Given material>
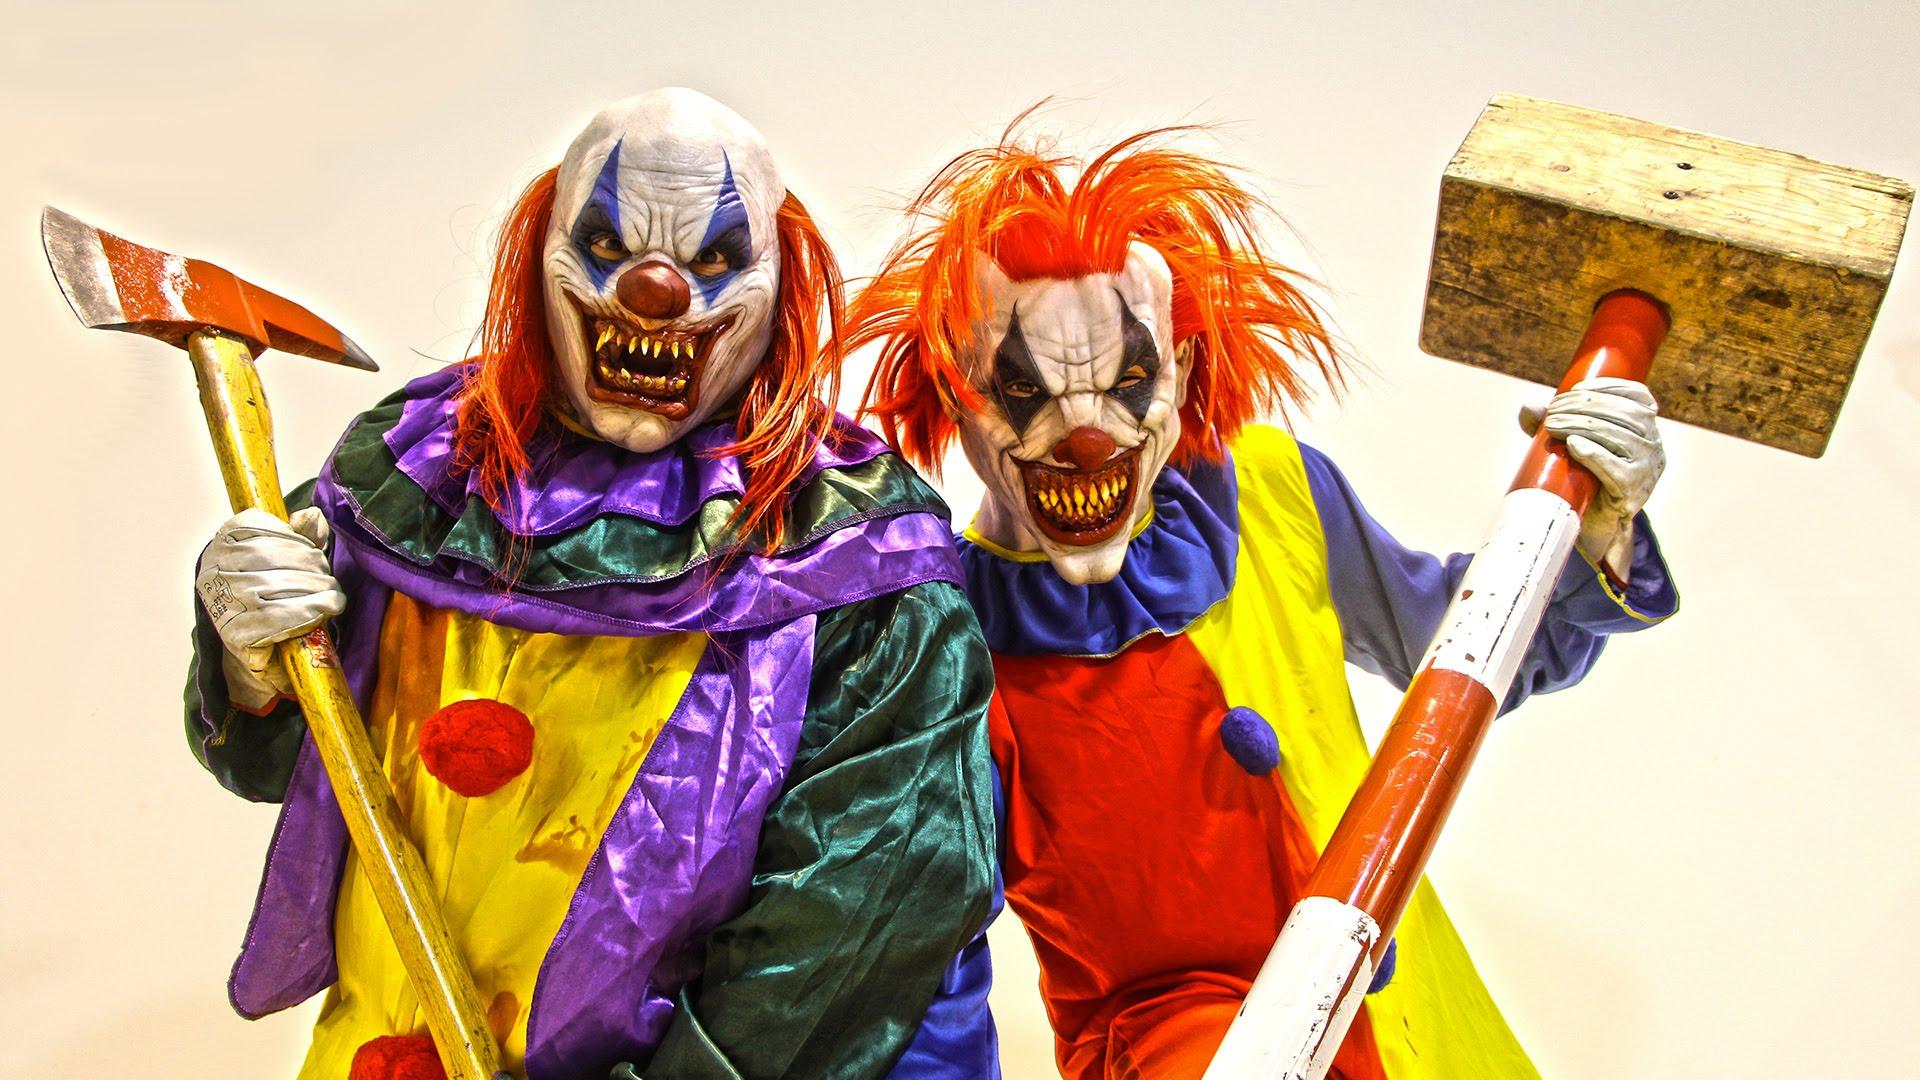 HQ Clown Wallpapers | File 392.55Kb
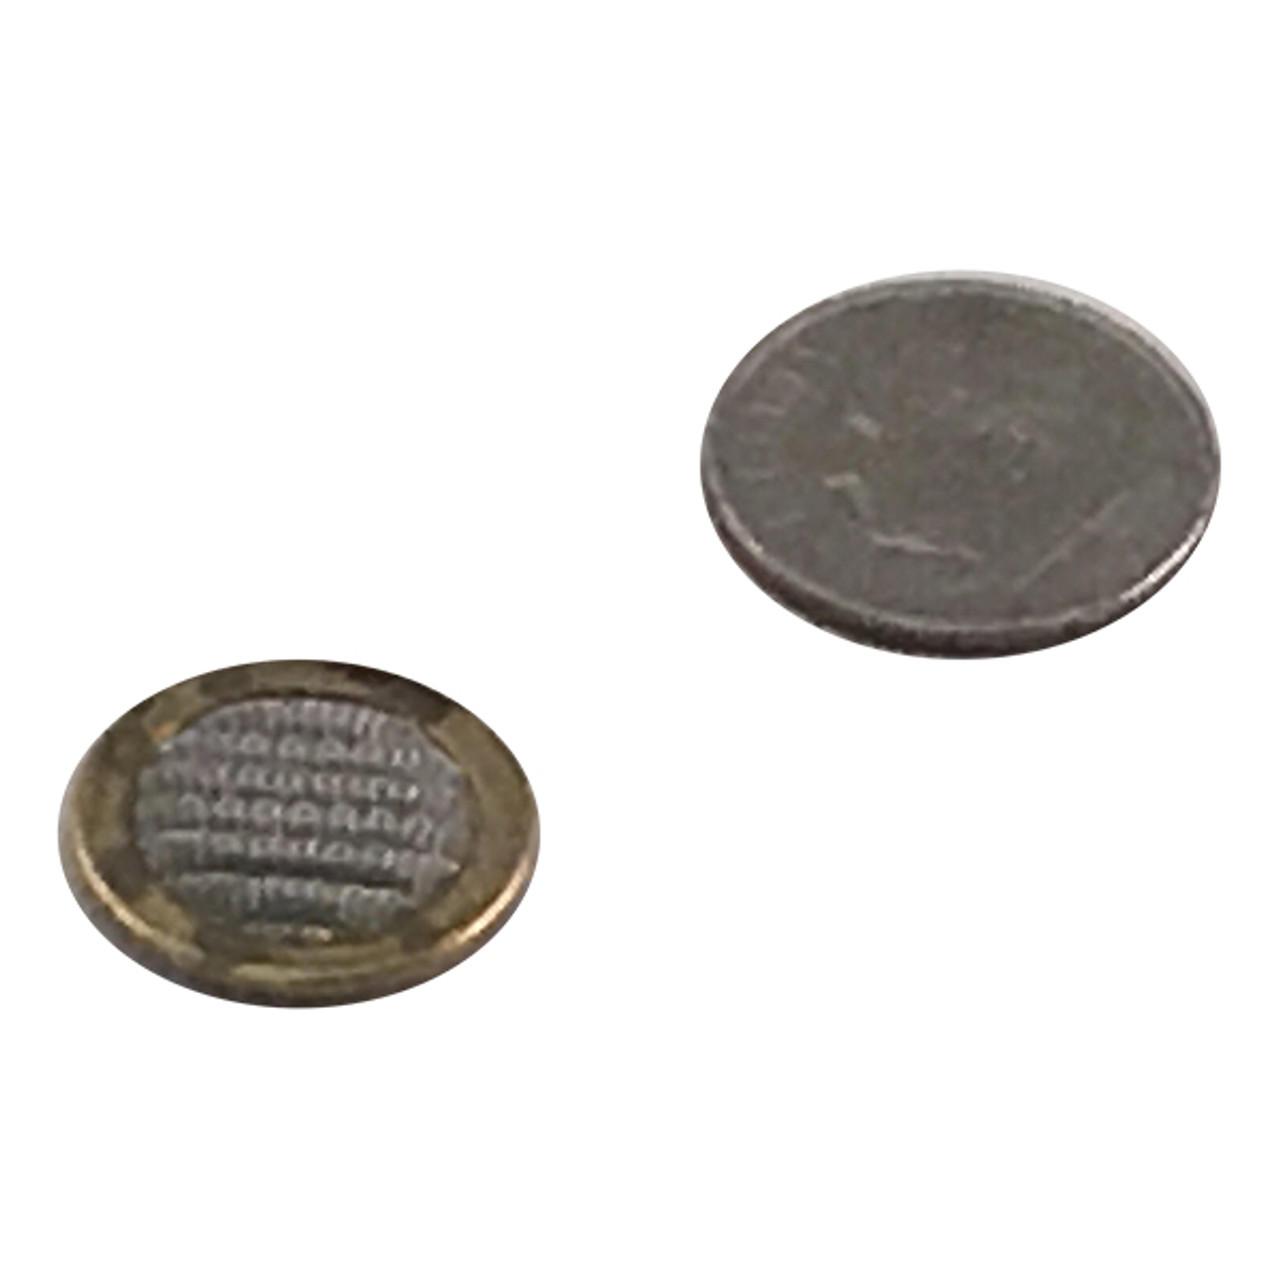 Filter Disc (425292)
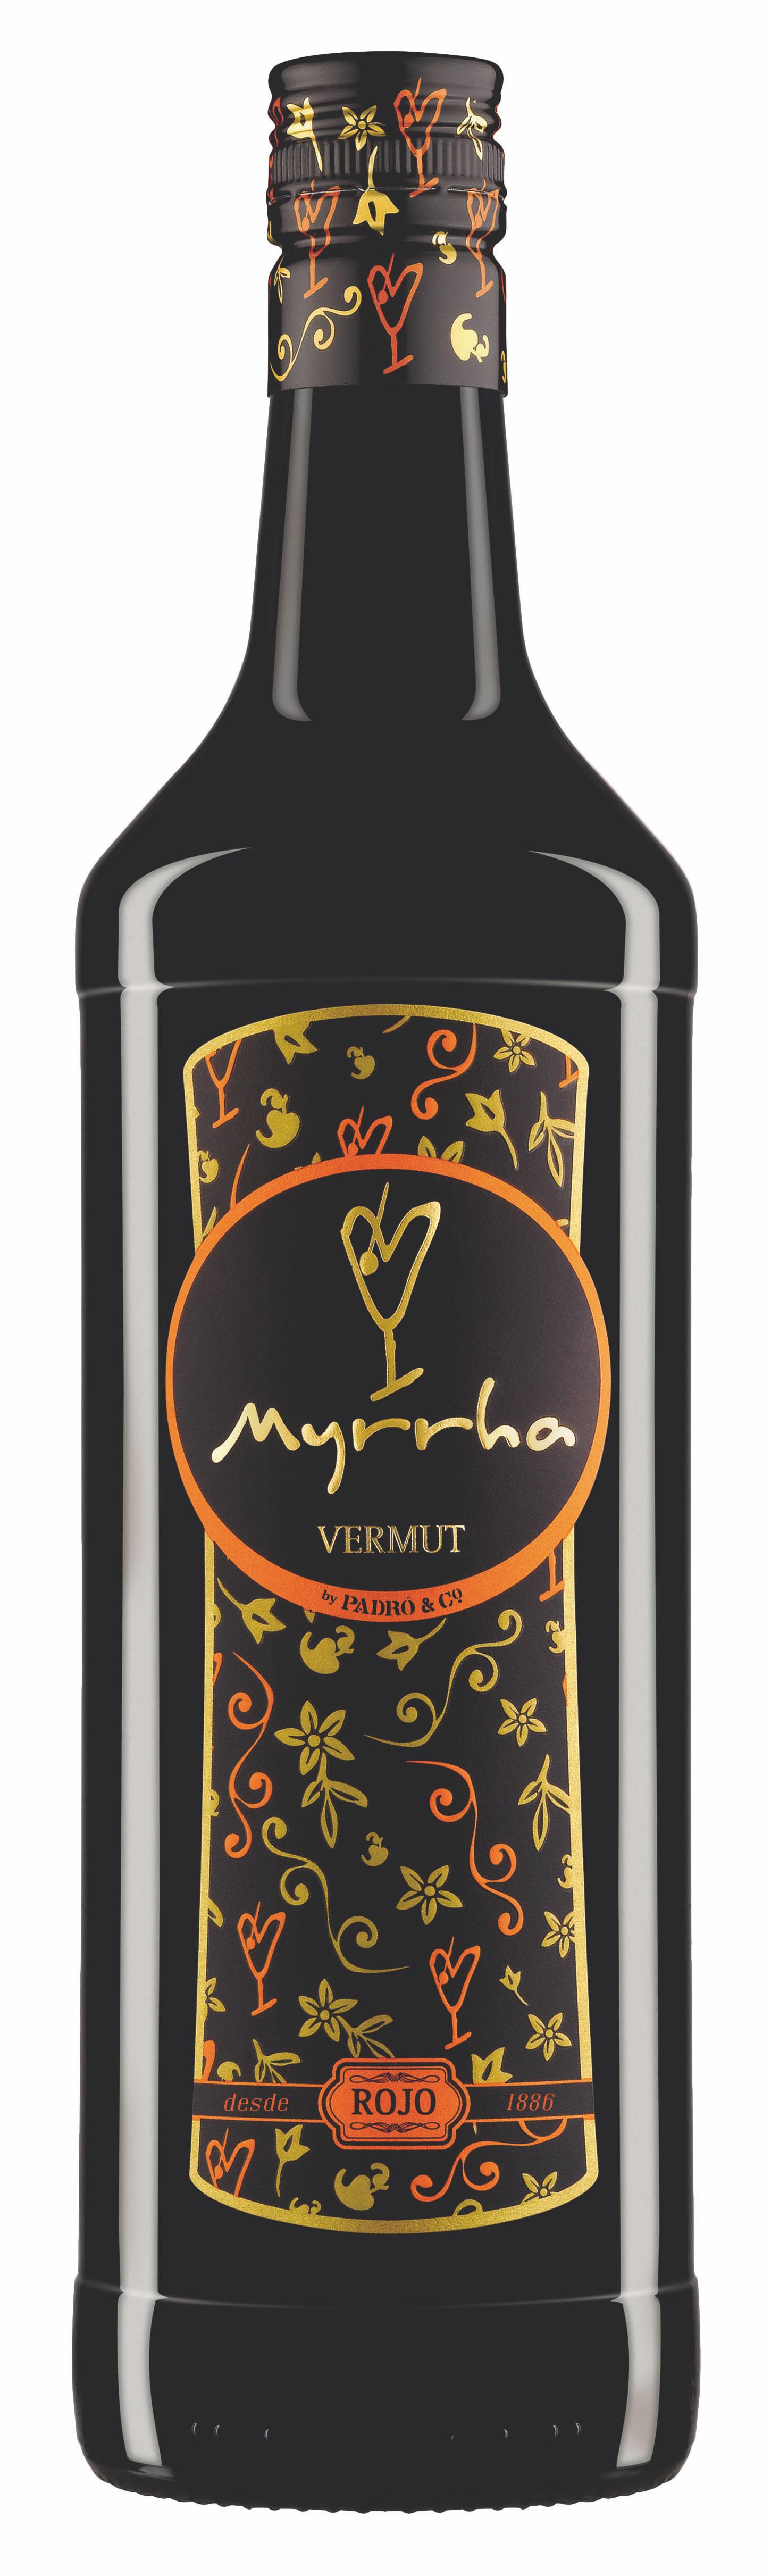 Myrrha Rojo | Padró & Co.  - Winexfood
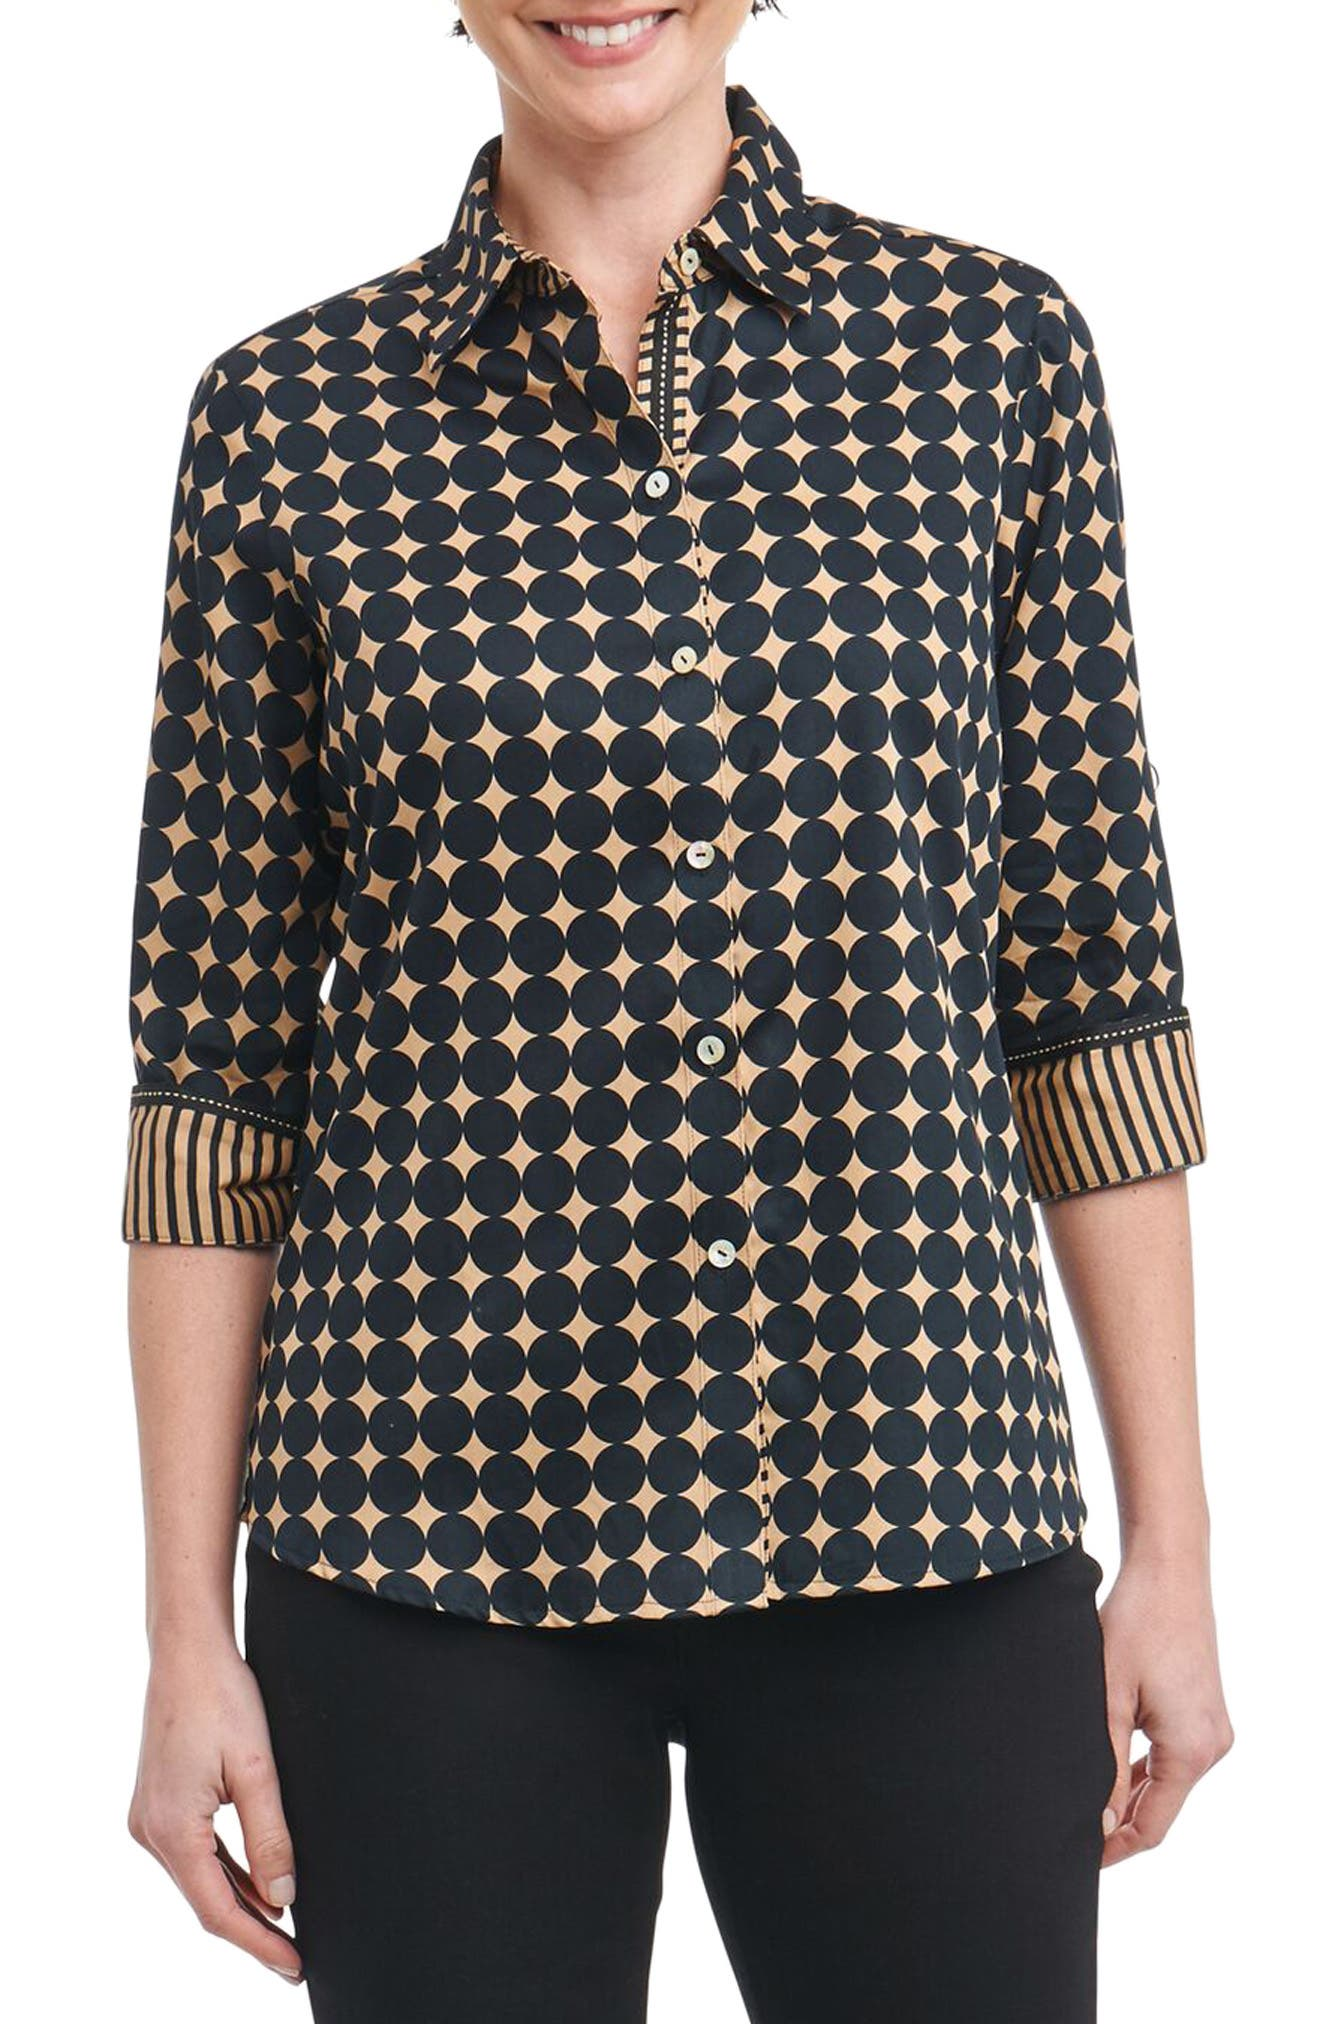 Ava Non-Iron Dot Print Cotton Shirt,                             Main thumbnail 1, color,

What is needed> Write out an exact reproduction of the lines from the line that holds "Myrrha Rojo |" to the bottom of the listing above, both ends included. Exclude pictures.

Finished task>
 Myrrha Rojo | Padró & Co.  - Winexfood
 Ava Non-Iron Dot Print Cotton Shirt,                             Main thumbnail 1, color,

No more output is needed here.